PROBLEM REQUIREMENTS
Quote the whole listing exactly. Leave the pictures out of your copy.

INFORMATION SUPPLIED
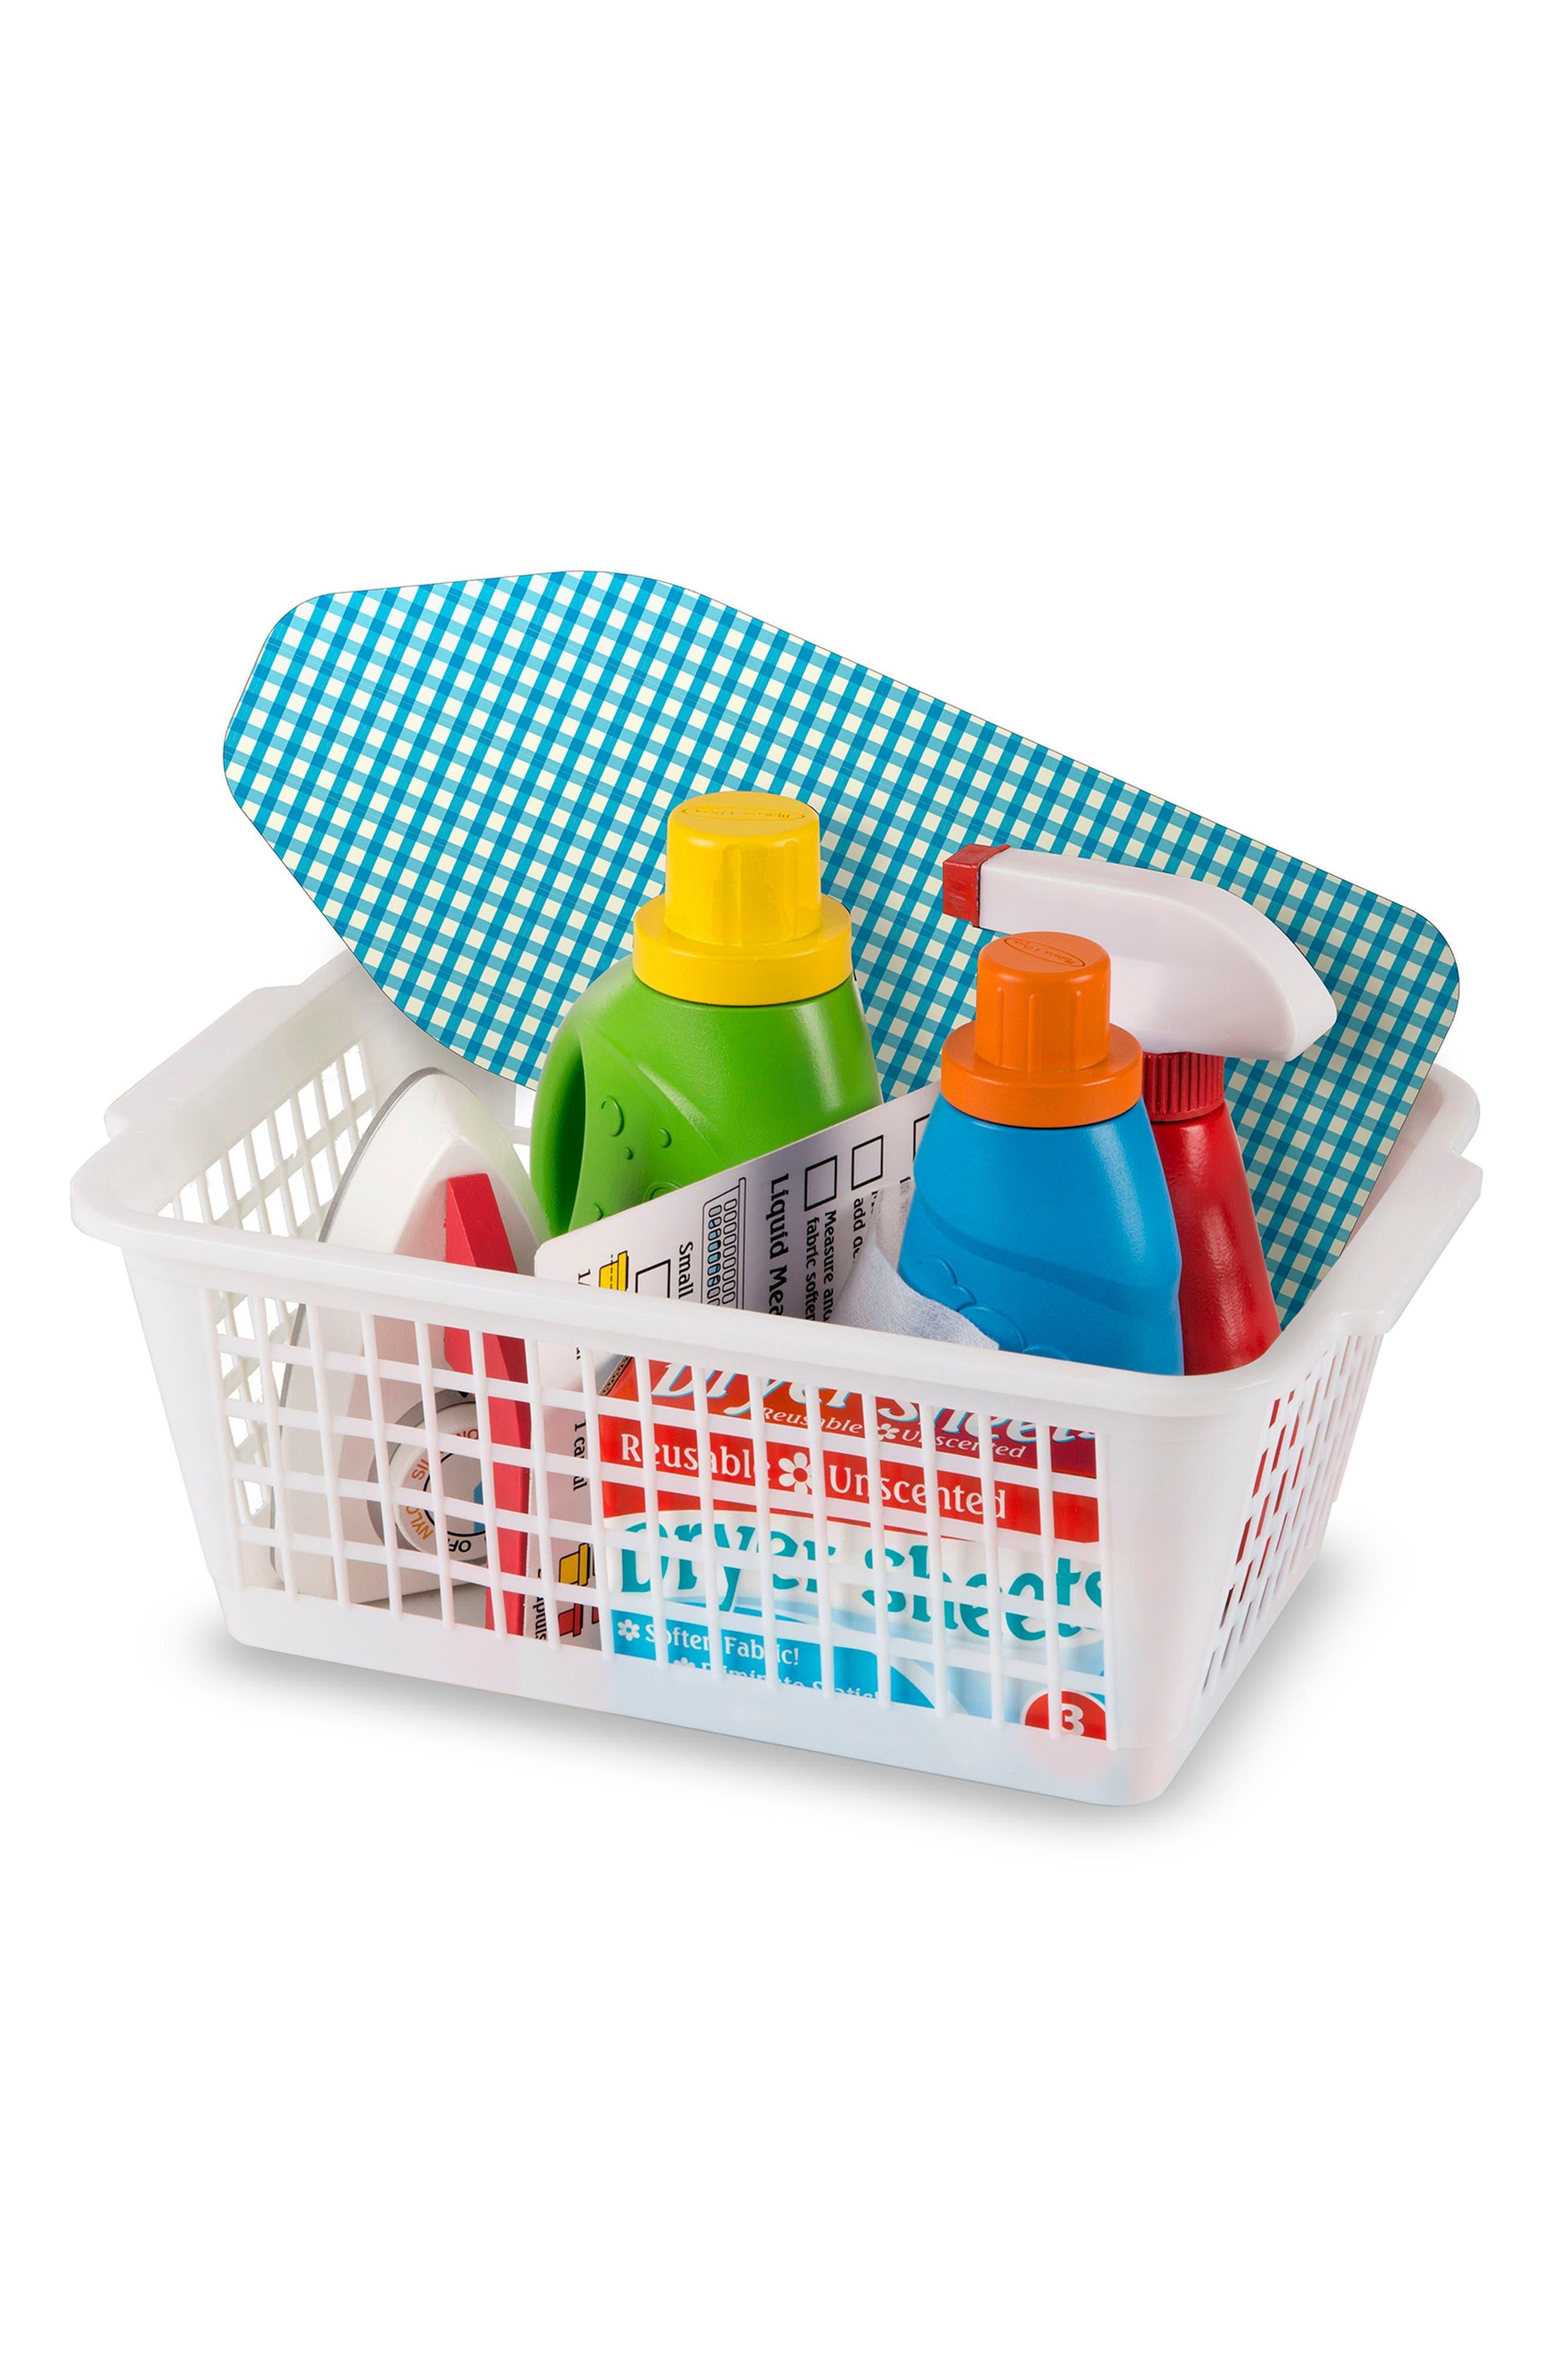 11-Piece Laundry Basket Play Set,                             Alternate thumbnail 2, color,                             Multi
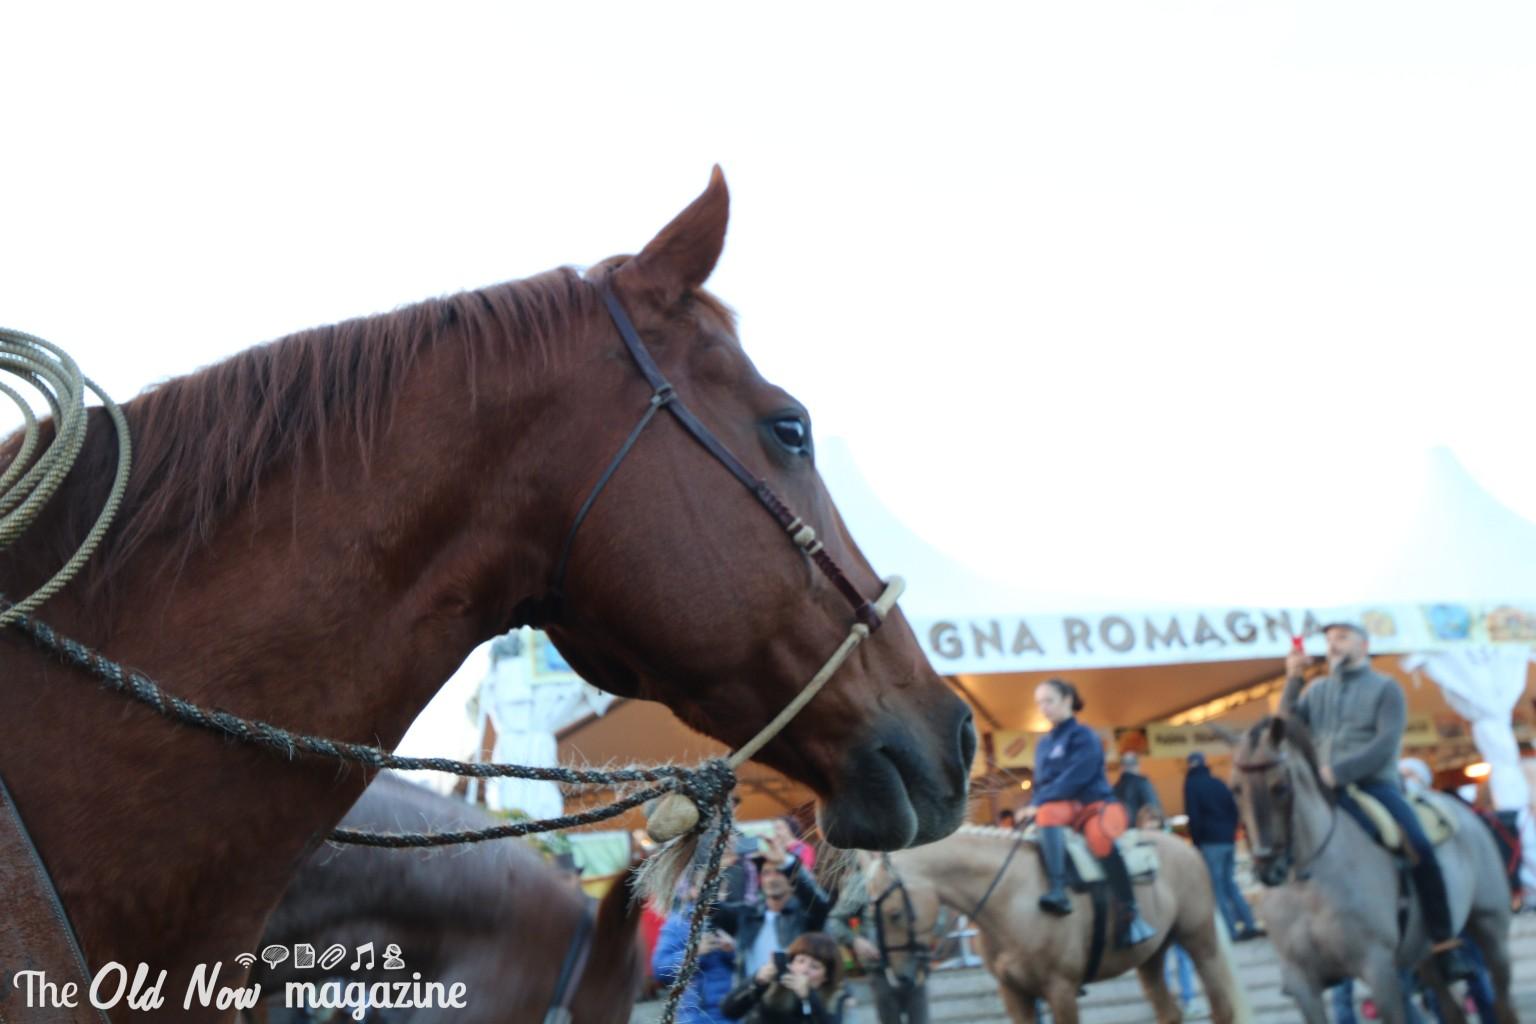 FIERA CAVALLI 2014 VERONA LONGINES THEOLDNOW (600)
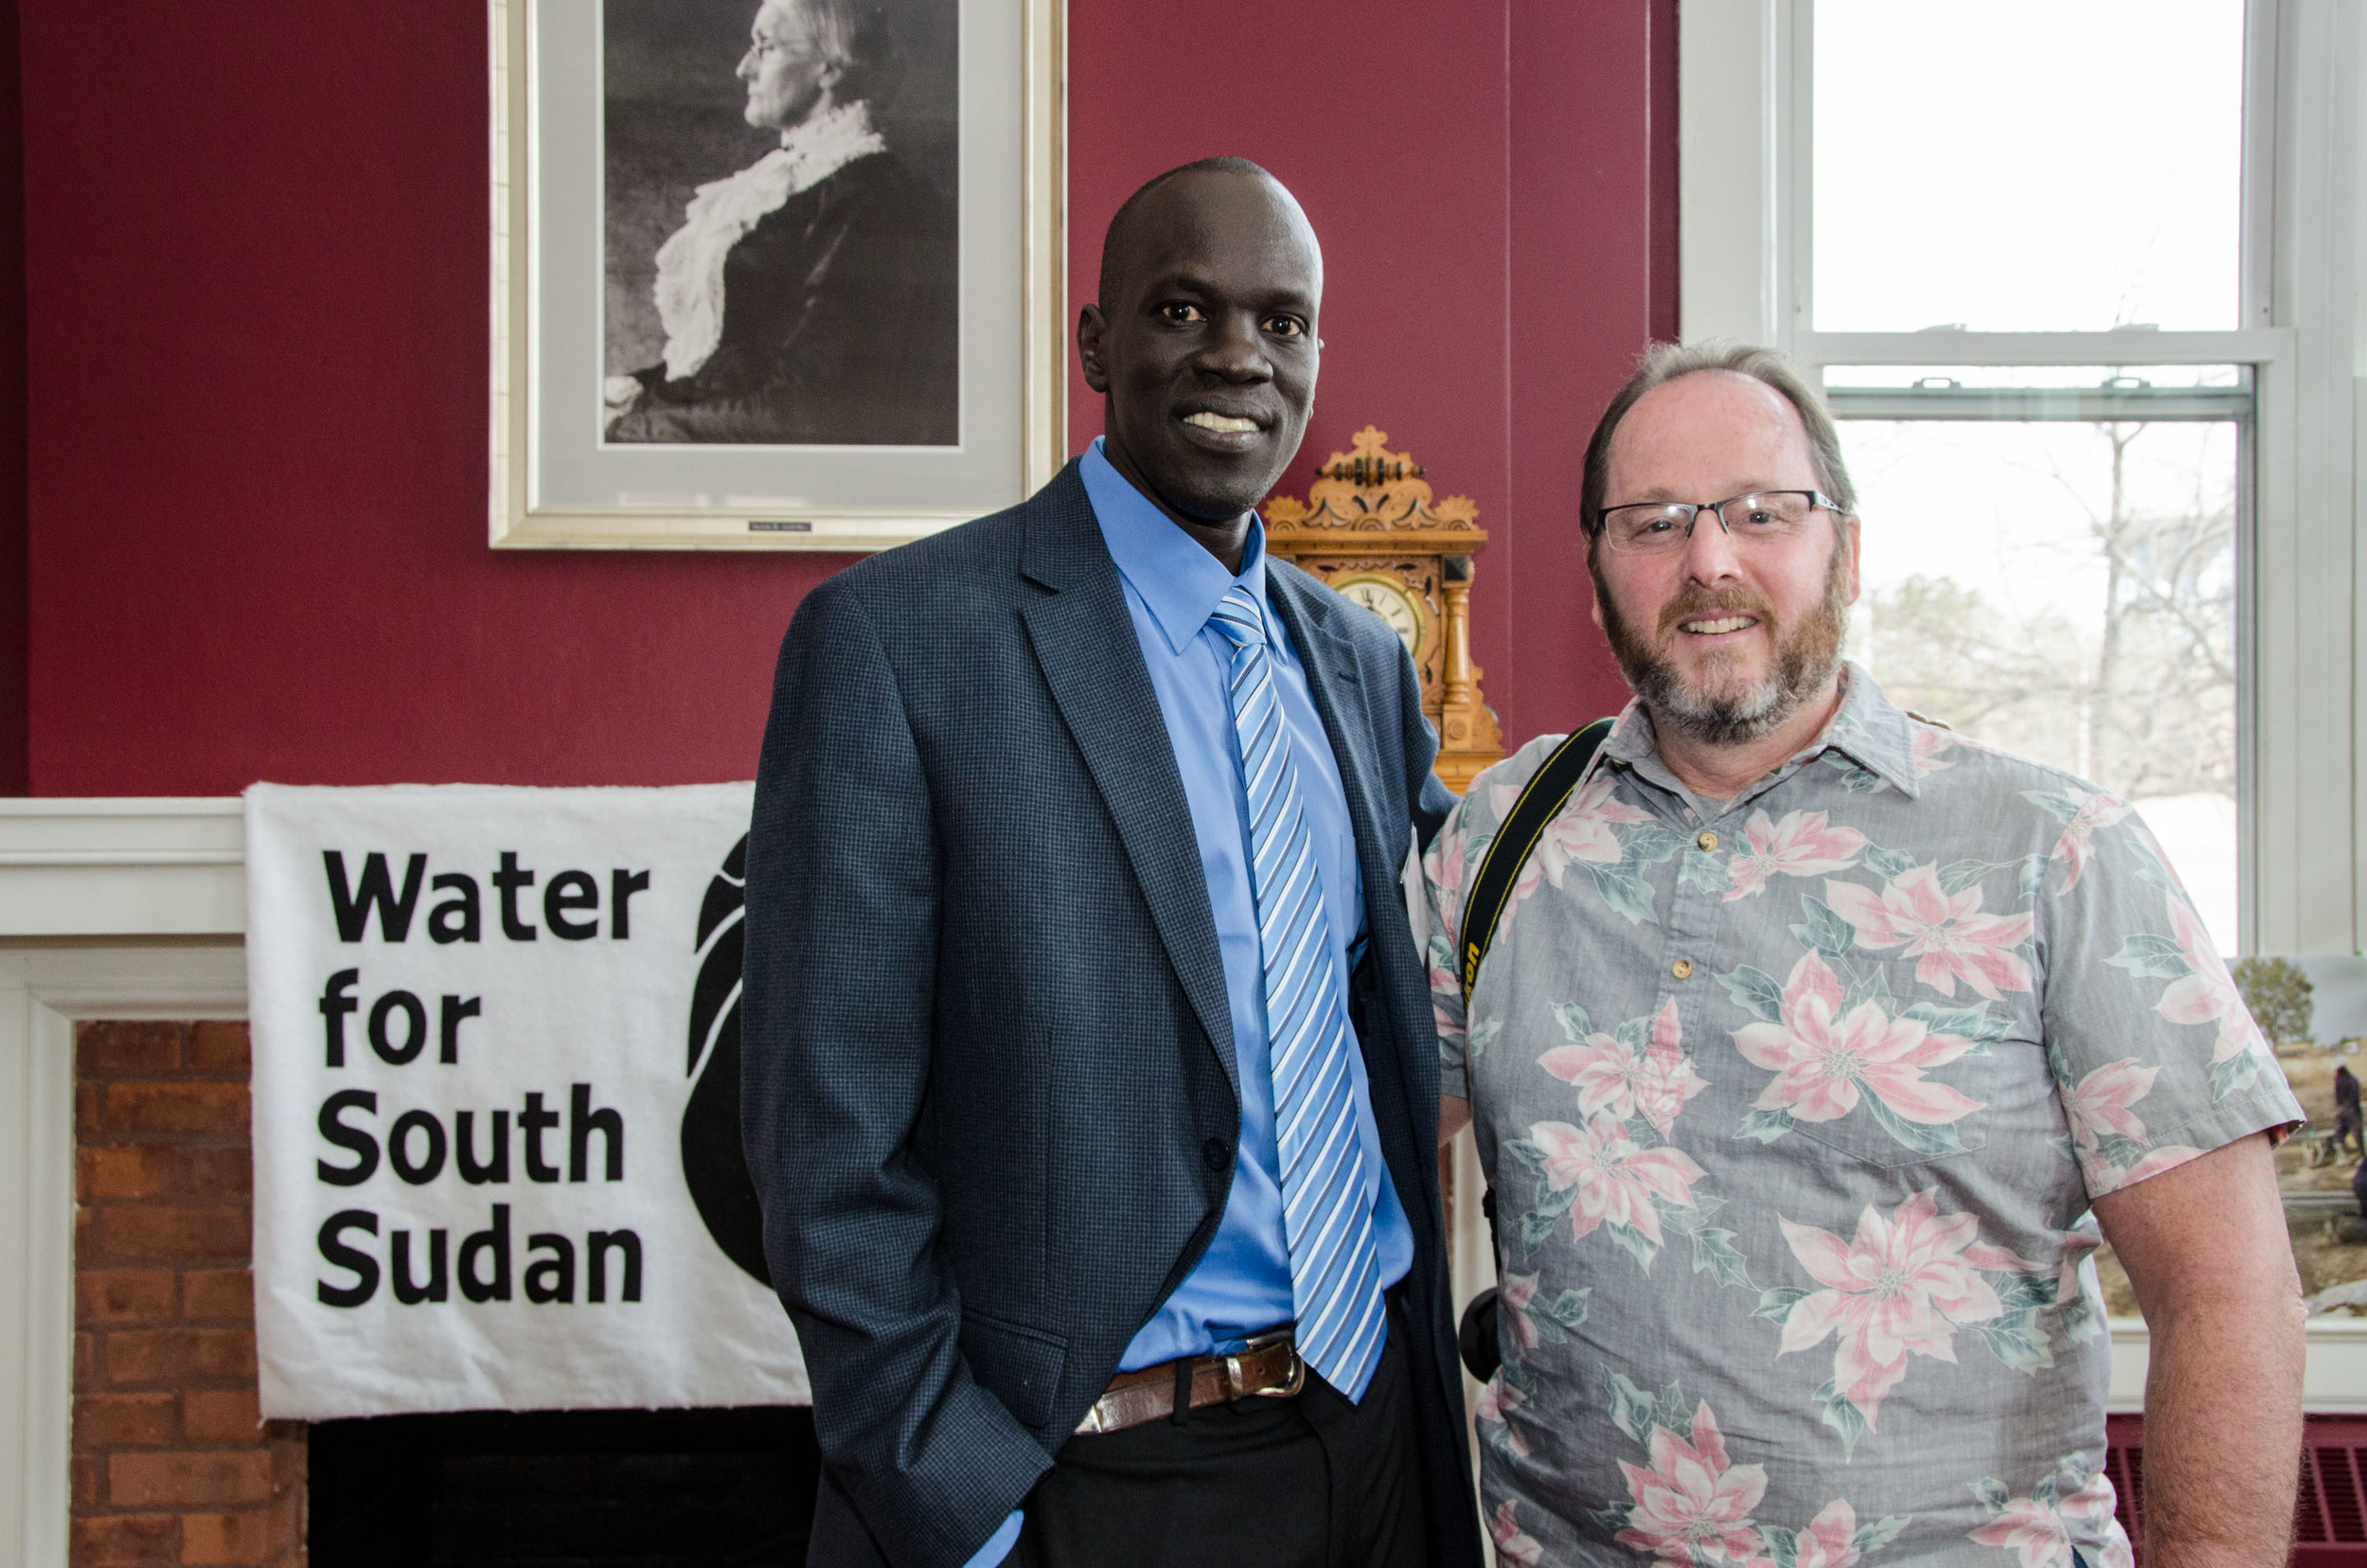 20160322-Water for South Sudan Press Conf-135.jpg

EXERCISE RESULT
 11-Piece Laundry Basket Play Set,                             Alternate thumbnail 2, color,                             Multi
 FIERA CAVALLI 2014 VERONA LONGINES THEOLDNOW (600)
 20160322-Water for South Sudan Press Conf-135.jpg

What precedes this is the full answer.